When and How to Consolidate Your Debt
Written by Fiona Gu   


Debt consolidation can bring about convenience into your life. Instead of paying twenty creditors who charge different rates at various times of the month, you can obtain one big loan to pay off all of the twenty accounts at once. After that, only one monthly payment is necessary. However, please keep in mind that the success rate of debt consolidation is less than 40%.

The benefits of unsecured debt consolidation loans include:
  • Convenience: You can pay all your unsecured bills, such as credit cards, payday loans, and medical bills, all at once. So, you only have one loan and an affordable payment plan.
  • Less stress: Reduce your stress associated to dealing with numerous creditors.
  • No more collection calls: Debt consolidation loans can take care of your payments, so you no longer would receive calls and letters from creditors and collection agencies.
  • Low interest rate: Unsecured debt consolidation loan have lower interest rates than the ones on your credit cards. As a result, your monthly payments would be lower.
  • Long term loan: Debt consolidation loans usually have a longer term than regular loans. Low interest rates and long terms are what make your monthly payments lower than the normal loans.
  • Easy budgeting: No more hassles dealing with multiple bills. One easy manageable payment would make budgeting easier.
  • Improve your credit score: When you pay back your bills with one debt consolidation loan, it would help to improve your credit score.
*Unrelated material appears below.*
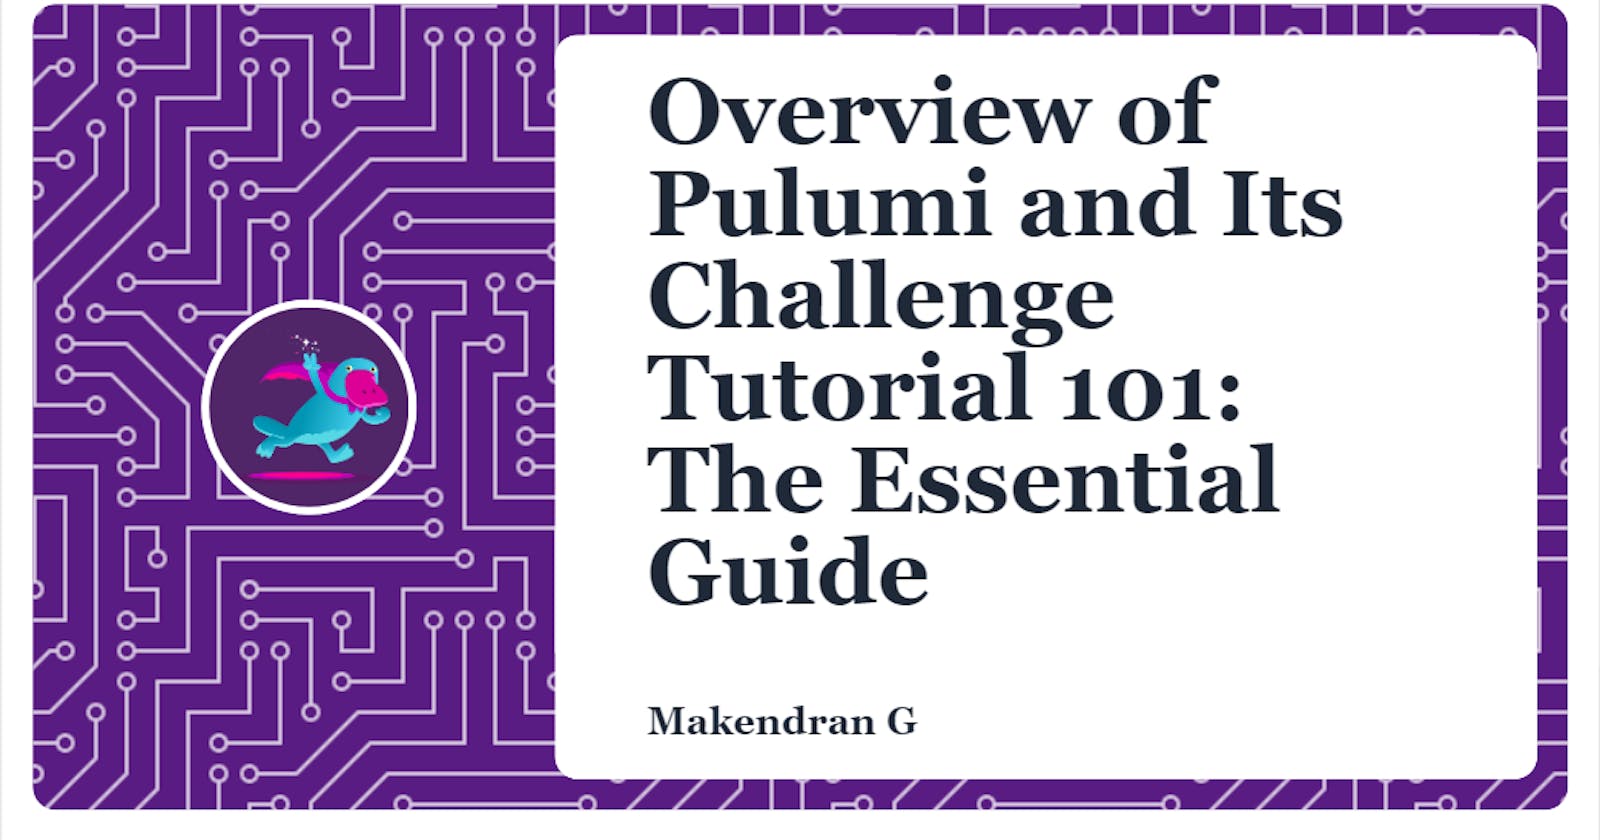 Overview of Pulumi and Its Challenge Tutorial 101: The Essential Guide

The drawbacks of debt consolidation loans include:
  • Long term loan: The longer repayment term on unsecured debt consolidation loans could be a disadvantage because you actually pay more in total interests at the end.
  • No tax benefit: Interests on personal loans are not tax deductible.
When choosing a debt consolidation loan, you should follow the tips below:
  • Research and look around: Shop around with different financial institutions to see which company provides you with the least monthly installment. You could try to negotiate a lower interest rate with that company. Also, research about the company’s profile and background. According to author of “The Get out of Debt Kit,” credit unions are more lenient than banks. 
  • Be aware of the costs: You should know the costs break down before you sign any documents.
  • Calculate the interest rate and fees: Before you decide to debt consolidate, you need to make sure that the costs of the new, bundled loan is lower than your current fees. Calculate the interest and fees on all your current accounts, and compare it to the costs of debt consolidation. Debt consolidation does not guarantee you to have the lowest available interest rate, and your creditor could increase the rate if there is nothing to secure your loan.
Qualifications
You need to have a good credit score and income in order to be eligible for unsecured debt consolidation. The main objective is to ensure that you can make payments on the consolidation loan on top of paying back your monthly bills and spending.